Now let’s look again at the Consequence Argument’s premise

(2) The distant past state of the universe is such that, for every action A you could take, if you did A, that past state would still obtain.

Is it true? If the “distant past state” is given macroscopically, describing such things as glasses of water and their temperature, then (2) is true, but not adequate for the argument, because (as we’ll see later) the present state of the universe doesn’t follow from the past macroscopic state. But if the “distant past state” is given in microscopic detail, then it is not independent of the present state including what we are doing now.

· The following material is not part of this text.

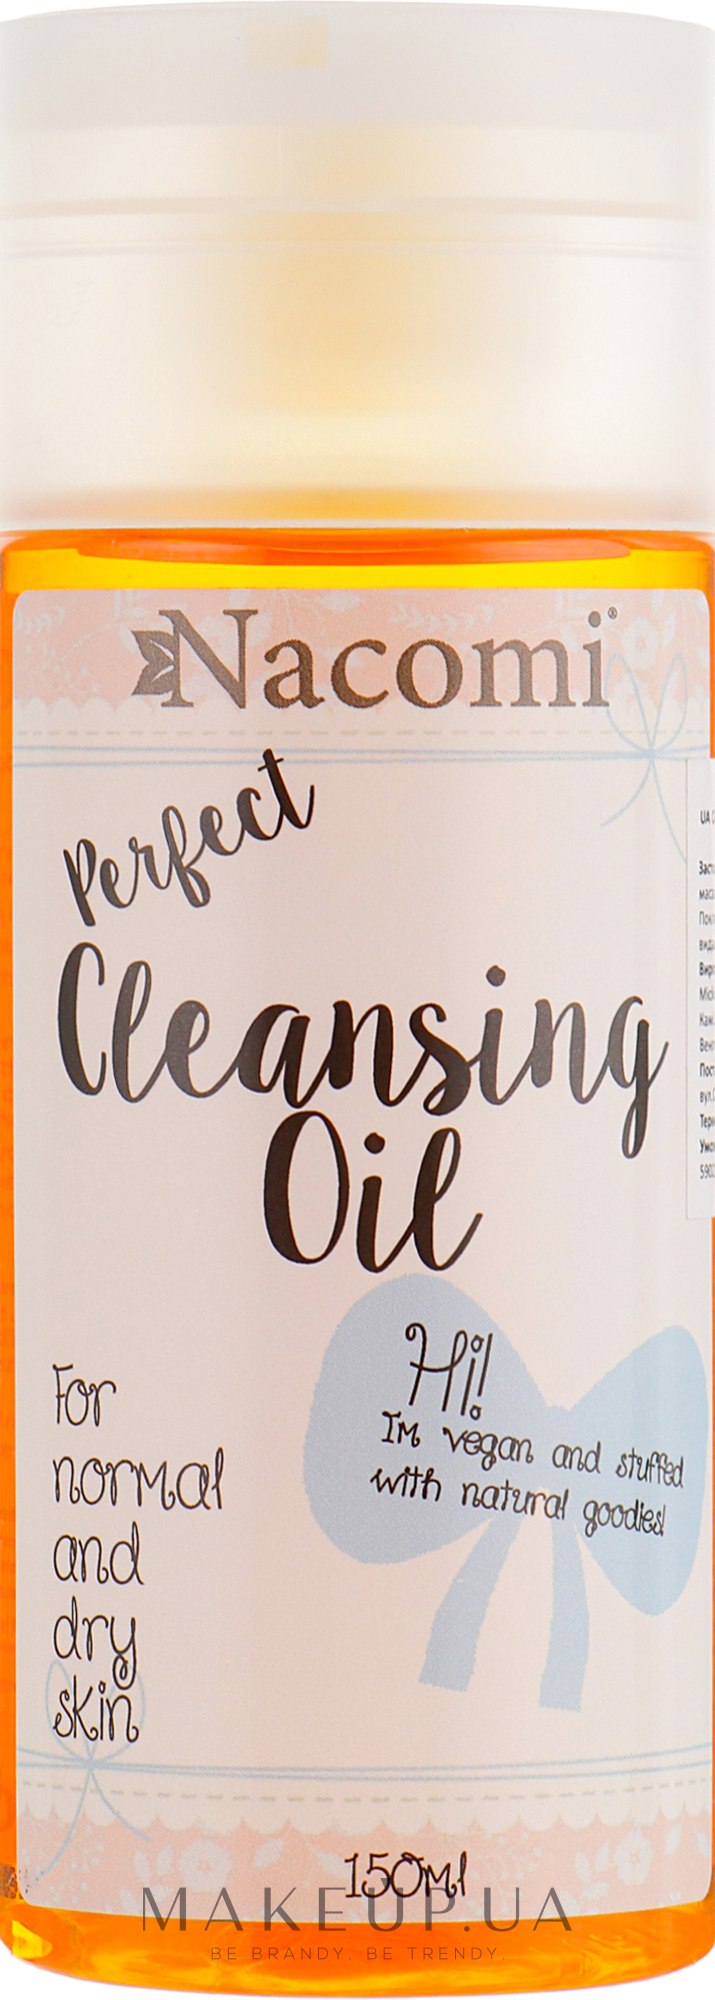 Олія для зняття макіяжу, для нормальної та сухої шкіри - Nacomi Cleansing Oil Make Up Remover — фото 150ml

There is no reason to believe (2), where the states in question are described in microscopic detail. Or rather, there is a reason, but it evaporates once you realize that there’s another explanation for why we never observe the past depending on the present or future. We don’t need to posit a magical “flow of time”, or a universal master/slave relationship between past and future. The idea that the past has power over the future but not vice versa is an overgeneralization from our experience of the macroscopic world: our experience of states and processes large and complex enough for entropy to be well-defined and increasing in only one temporal direction.

All this has gone by way too fast, and there are many points that need further justification and explanation. Along the way, we’ll use modern science to deeply challenge our intuitive conceptions of time and causality, then show how those wrong intuitions about how our universe works have affected our views of the free will “problem”. Scientific determinism isn’t the problem – our misconceptions of it are. The traditional free will problem doesn’t hinge on the definition of “free will”, but of “determinism” and “causality”.